Wenn es so ist, müsste mein Programm also auf allen Rechner tun, bei denen Port 3306 freigegeben ist, oder?

Gruß
Jan


----------



## AlArenal (23. Sep 2006)

Der ausgehende Port hat mir dem eingehenden nichts am Hut. Wenn du jemandem nen Brief schickst, musst du auch nicht dieselbe Adresse haben.


----------



## Guest (23. Sep 2006)

Okay, aber welches ist dann der ausgehende PORT, den ich für eine JDBC-VERBINDUNG brauche? Das ist genau mein problem!

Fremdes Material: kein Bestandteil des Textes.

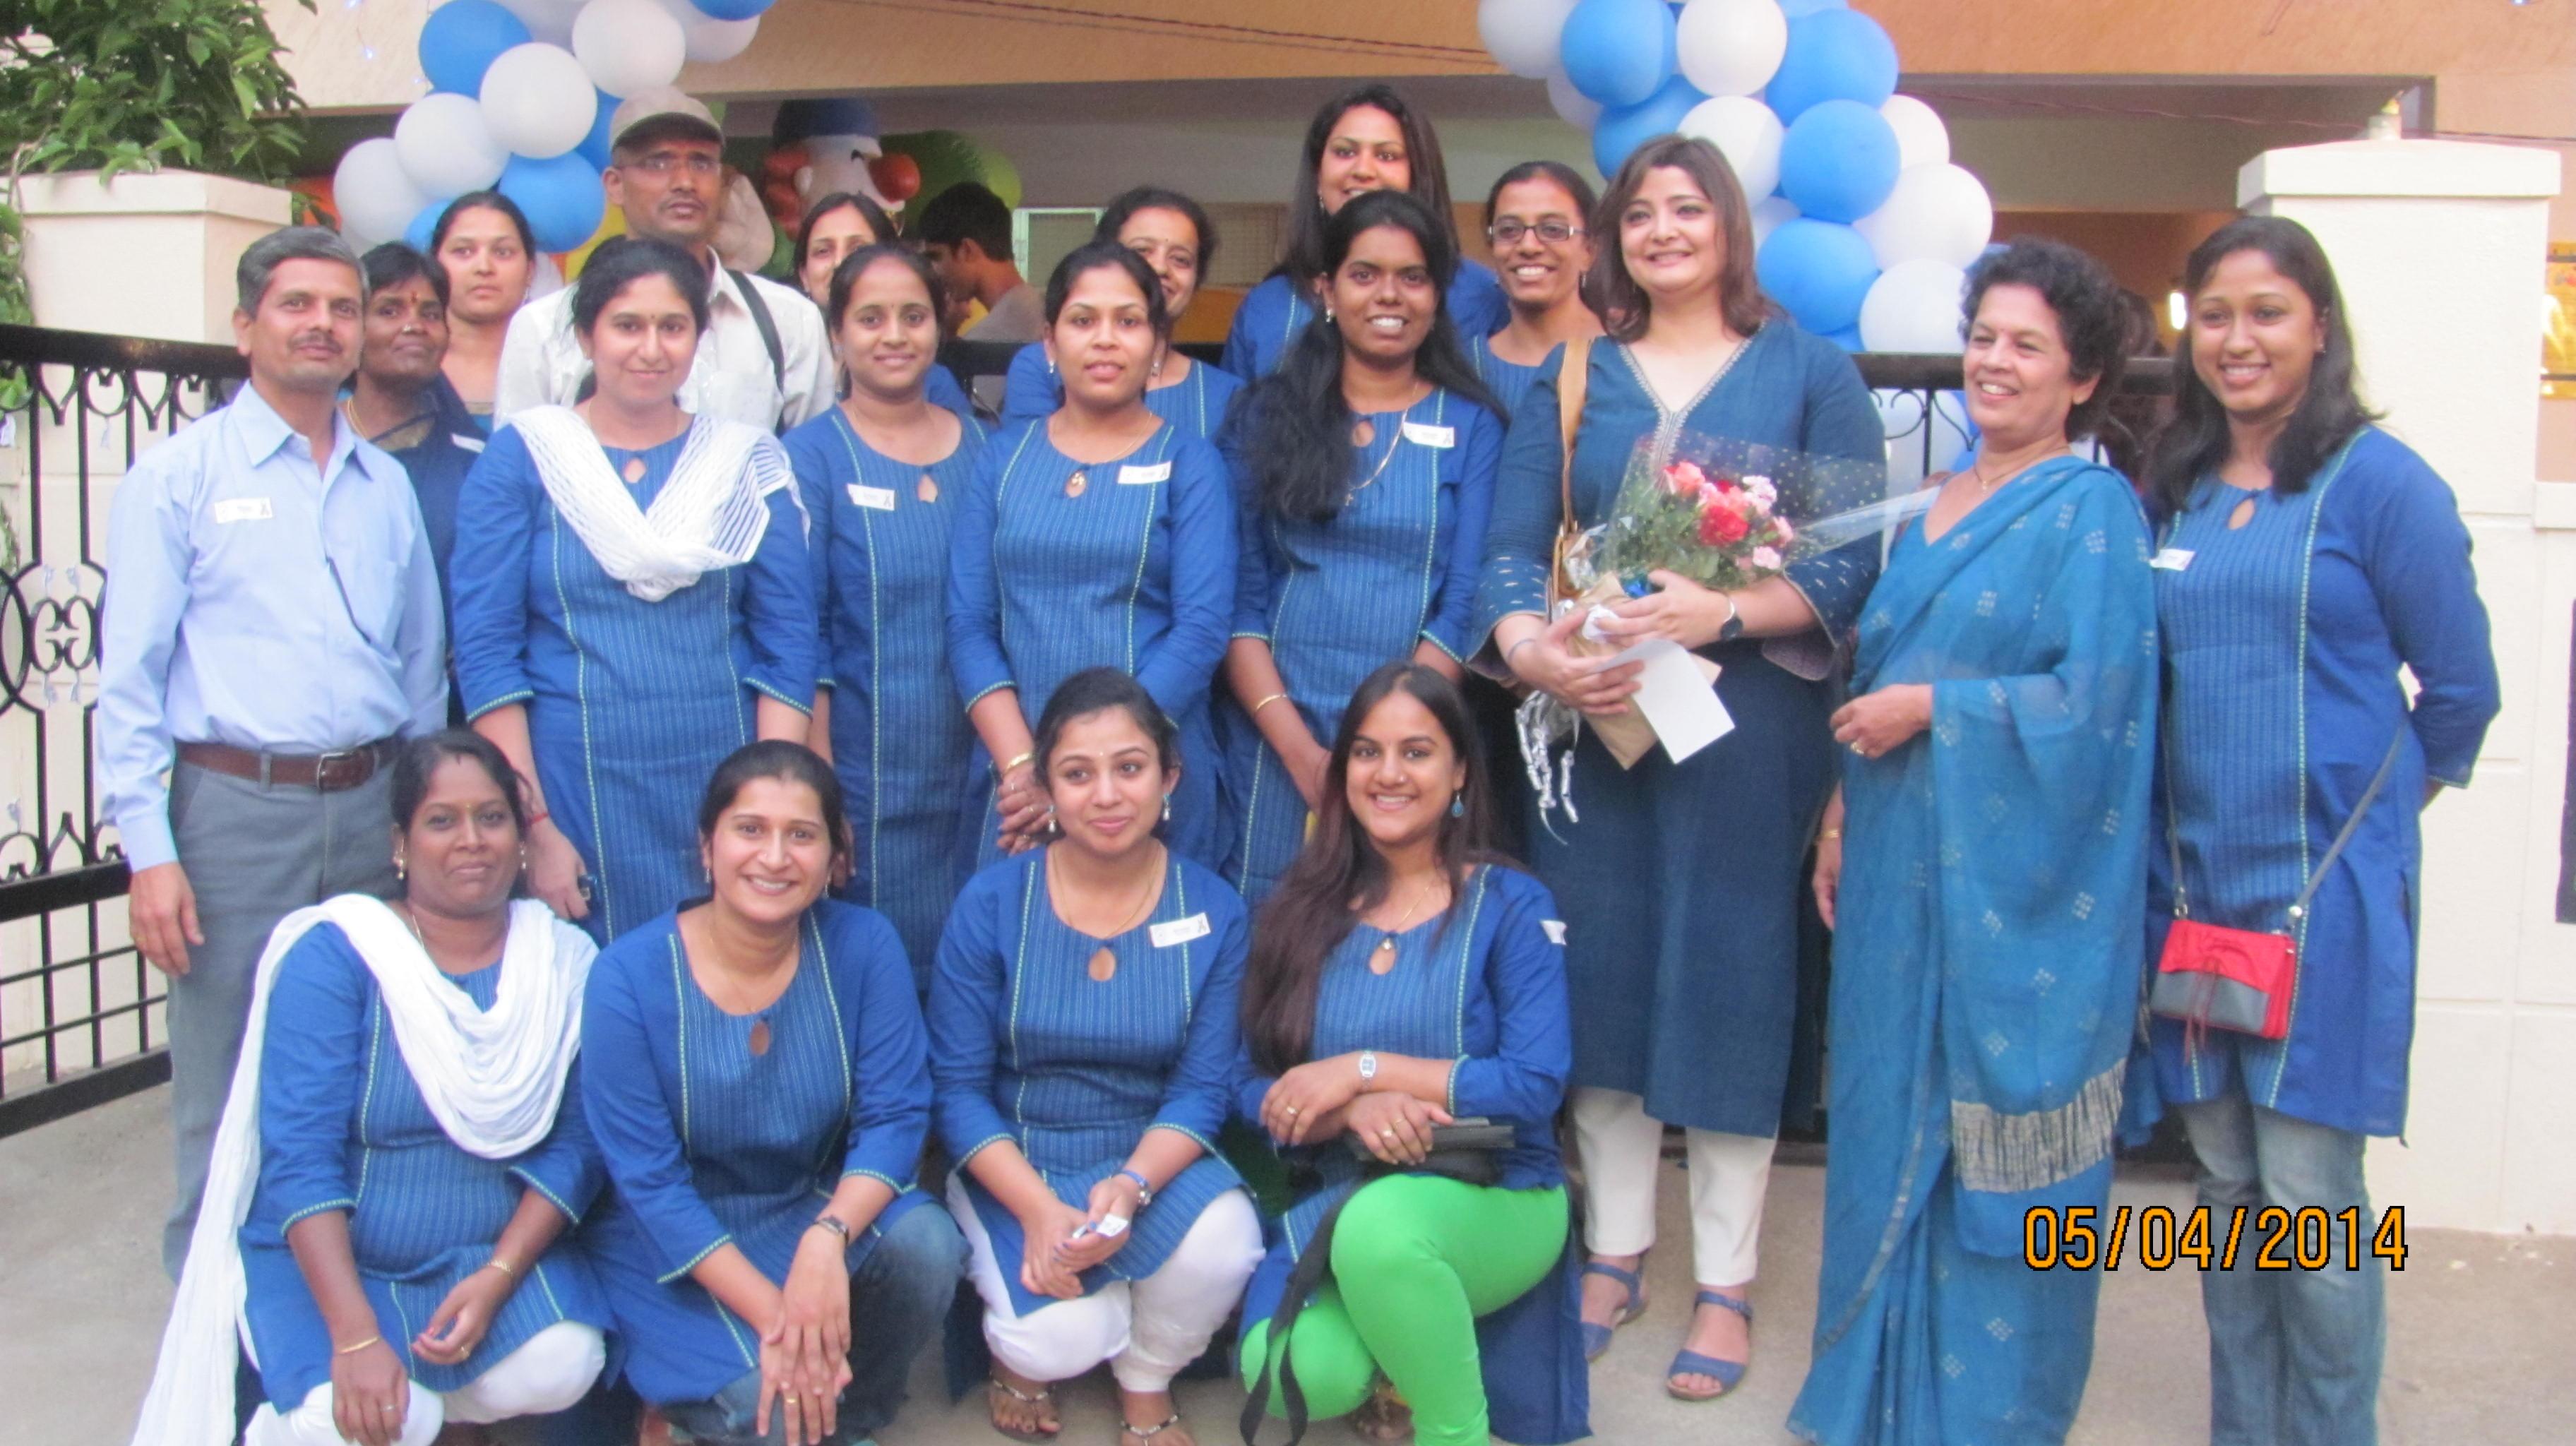 Com DEALL team in Blue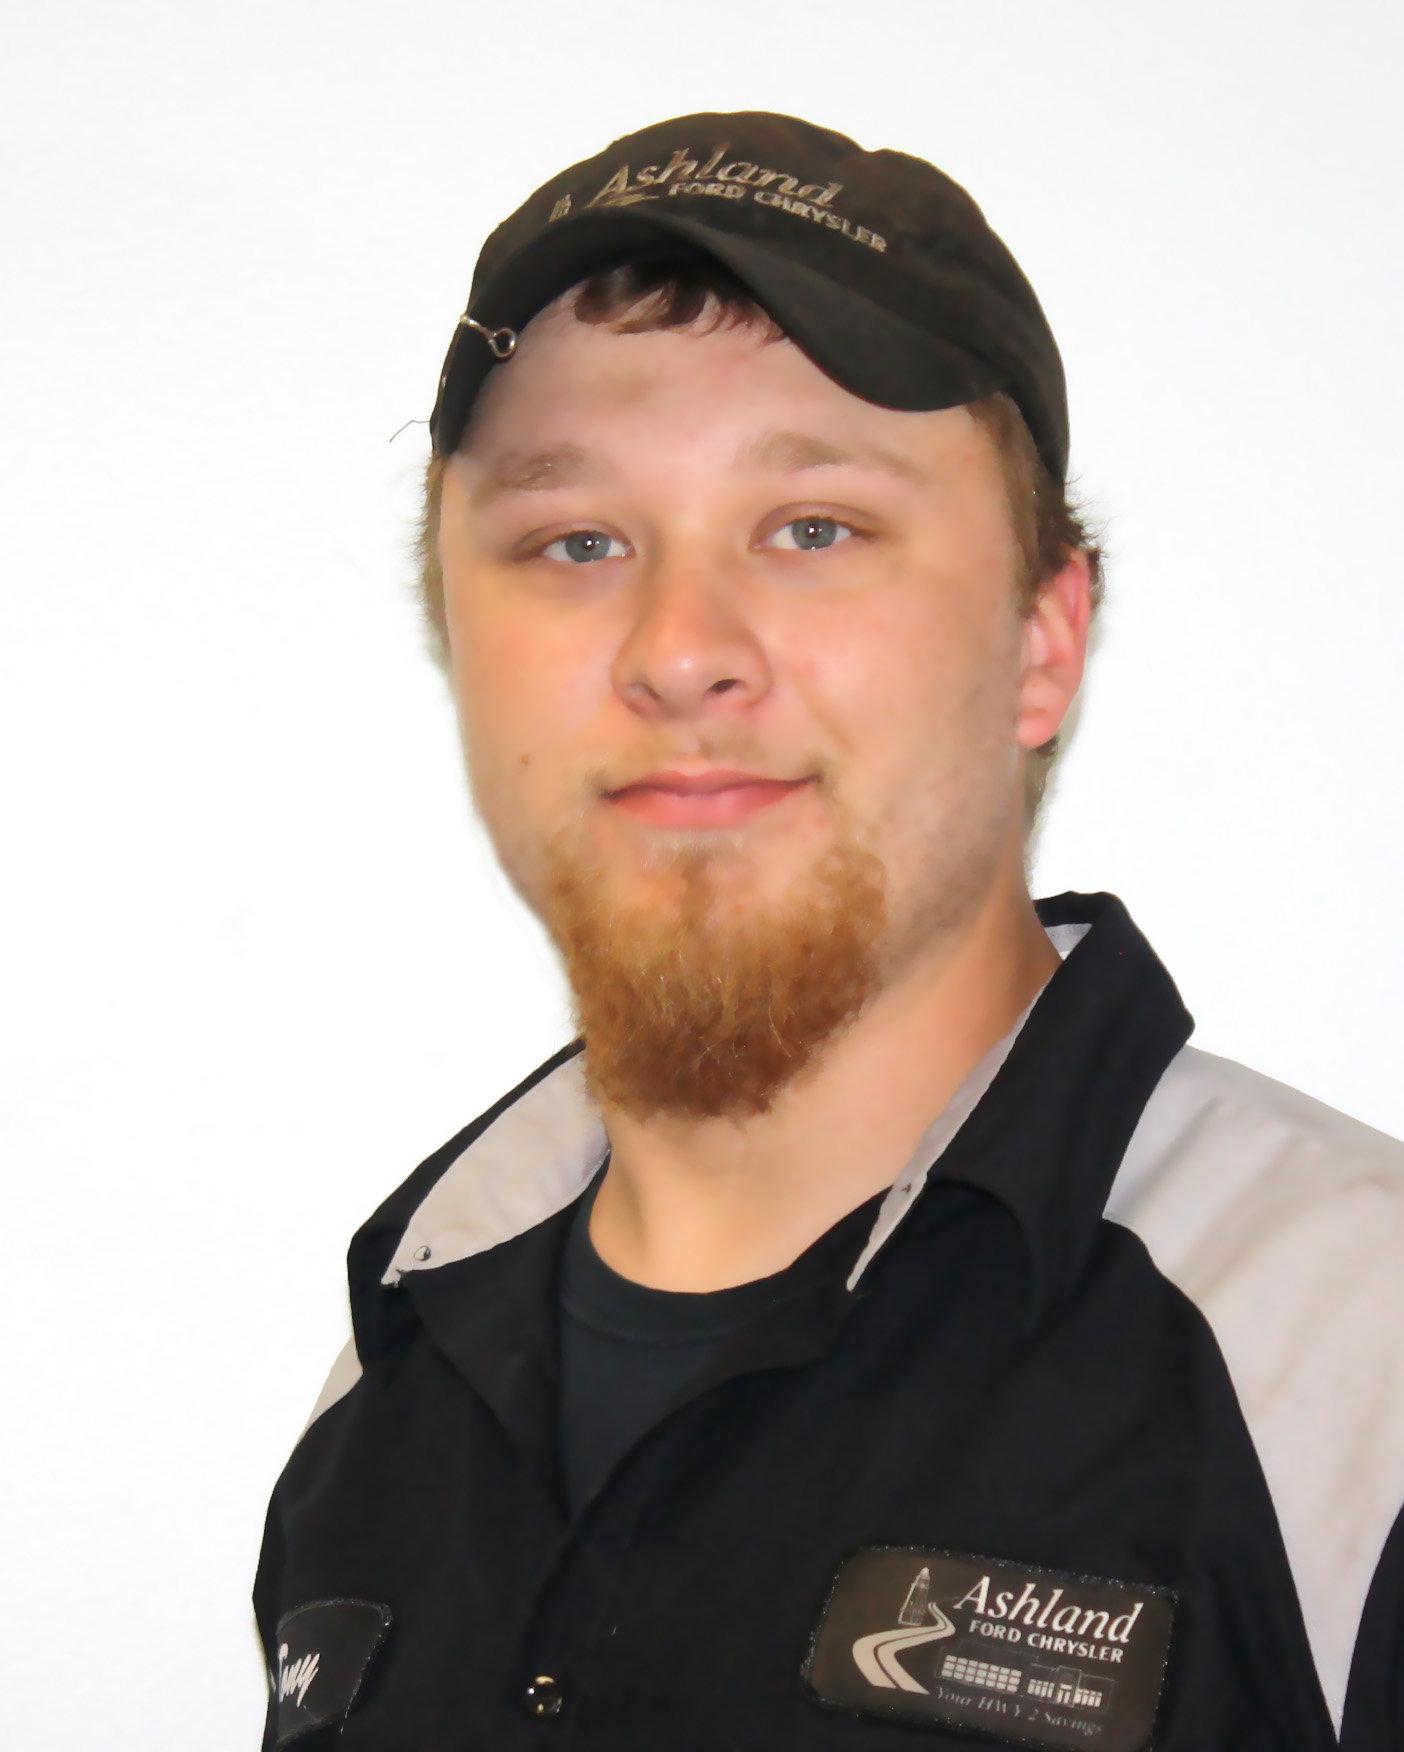 Tony White - Service Technician

Wie gesagt, das "reinkommen" beim Internetserver tut ja, aber ich komme bei manchen Rechnern nicht RAUS! Das ist genau mein Problem! Welche Ports müssen freigegeben sein, damit ich mit Java mit einer JDBC-Verbindung aus dem Rechner ins Internet komme?


----------



## AlArenal (23. Sep 2006)

AlArenal hat gesagt.:
			
		

> Standardmäßig 3306, TCP, ausgehend


----------



## SamHotte (25. Sep 2006)

Kannste 'rausbekommen, indem du auf dem Windows-Rechner mal schnell 'ne Personal Firewall installierst und guckst, was der dir für 'ne Frage stellt beim 'rausrufen. Da wird normalerweise der Port mit angezeigt.


----------



## AlArenal (25. Sep 2006)

SamHotte hat gesagt.:
			
		

> Kannste 'rausbekommen, indem du auf dem Windows-Rechner mal schnell 'ne Personal Firewall installierst und guckst, was der dir für 'ne Frage stellt beim 'rausrufen. Da wird normalerweise der Port mit angezeigt.



Warum einfach, wenns auch kompliziert geht...

Was rätst du ihm, was er als Benutzername und Passwort nehmen soll? Einfach mal nen Hacker drauf ansetzen, was sich da schon so in der DB tummelt, oder? 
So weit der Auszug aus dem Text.